Самое ужасное — в своём новом обличье я не умела ни плакать, ни говорить. Моё крохотное цветочное сердце билось так сильно, что, казалось, вот-вот разорвётся, и я думала:
«С какой стати мама, которая так горюет, обратит внимание на какую-то фиалку в саду!»
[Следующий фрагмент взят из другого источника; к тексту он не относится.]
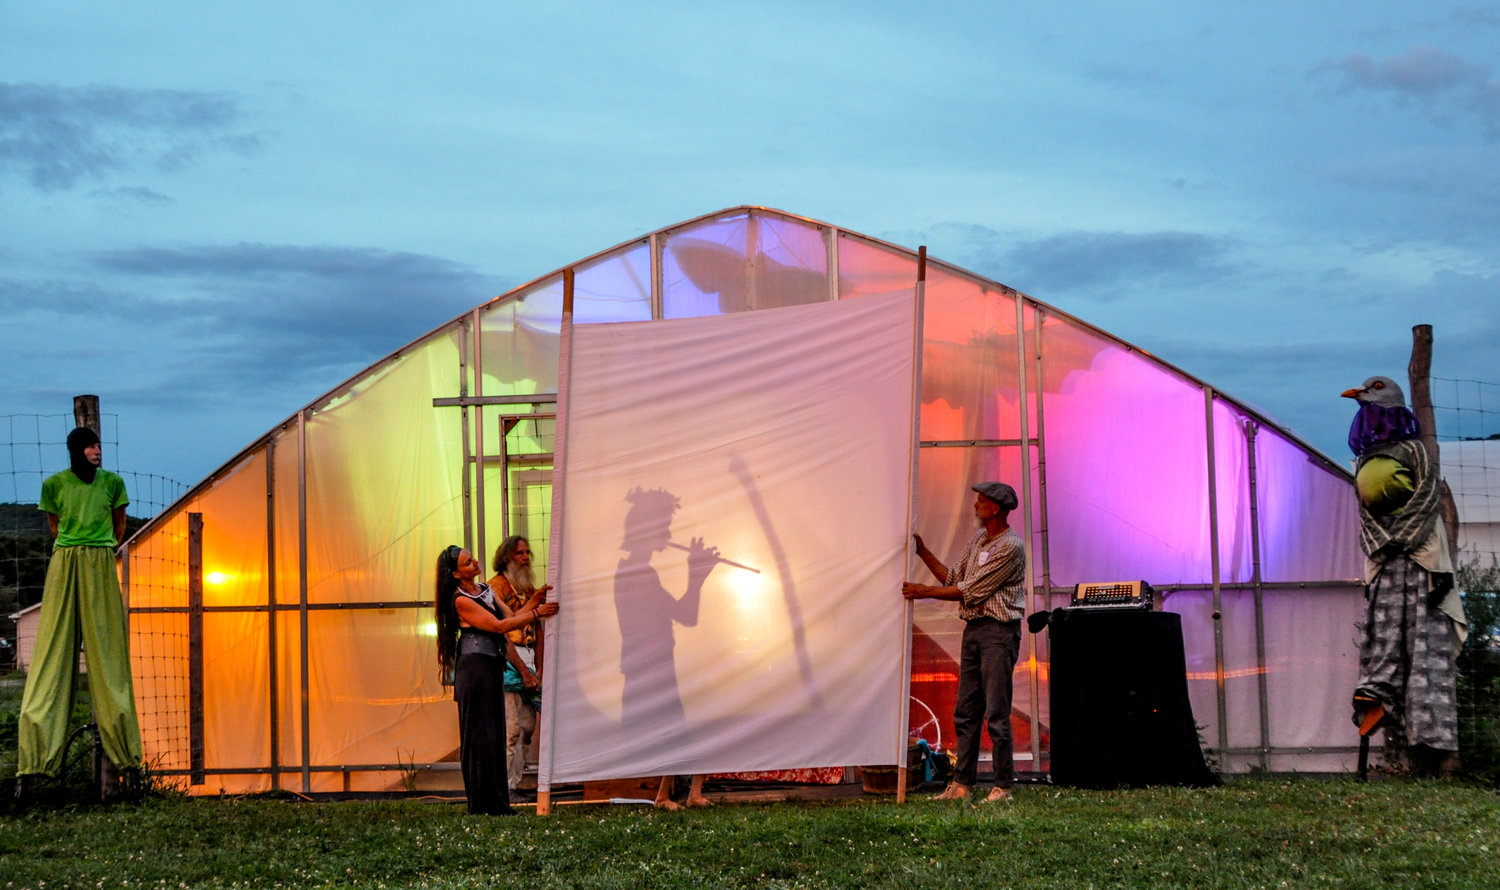 The second act of “Dream on the Farm” is a shadow play presentation of a past extinction with a climactic warning.

Ясно было, что мне суждено вернуться в Королевство цветов, и я задыхалась от вопля, который напрасно рвался из моей груди.
Тем временем мама встала и повернула лицо к саду, словно услыхала слова, которые я не могла выкрикнуть.
— Мне кажется, Анни меня зовёт, — сказала она.
И пошла к двери.
— Перестаньте, мадам, успокойтесь, — затараторили соседки и бросились за ней следом. — Что вы такое выдумываете? В саду же нет никого, сами видите.
Мама посмотрела на них глазами, полными слёз, и на мгновение остановилась на пороге кухни.
Я испугалась, что сейчас она вернётся в дом. Но во мне уже вспыхнула безумная надежда, и я мысленно стала звать маму изо всех своих жалких цветочных сил.
— А я вам говорю, что Анни меня зовёт, — повторила мама. — Вот сейчас она опять крикнула.
— Никто не кричал, уверяем вас, — твердили соседки, — вернитесь в дом, мадам, ну пожалуйста!
А между собой они зашептались:
— Бедняжка! От горя у неё помутилось в голове.
Но невидимая нить притягивала маму ко мне.
Она словно слышала меня — и вот уже её рука, такая знакомая и ласковая, протянулась к моему стебельку.
— Анни меня зовёт! Анни меня зовёт! Я же слышу, что это Анни, — с этими словами мама погладила мои лепестки.
— Да какая же это Анни? Это простая фиалка, — жалостливо вздохнули соседки. — Вы что, хотите её сорвать?
И снова зашептались:
— Бедняжка! У неё помутилось в голове от горя.
Но мама уже освободила меня от заклятия. Я сразу опять стала девочкой, и когда отец вернулся, мы сидели, обнявшись так тесно, что его поцелуй пришёлся сразу и в мою щёку, и в мамину.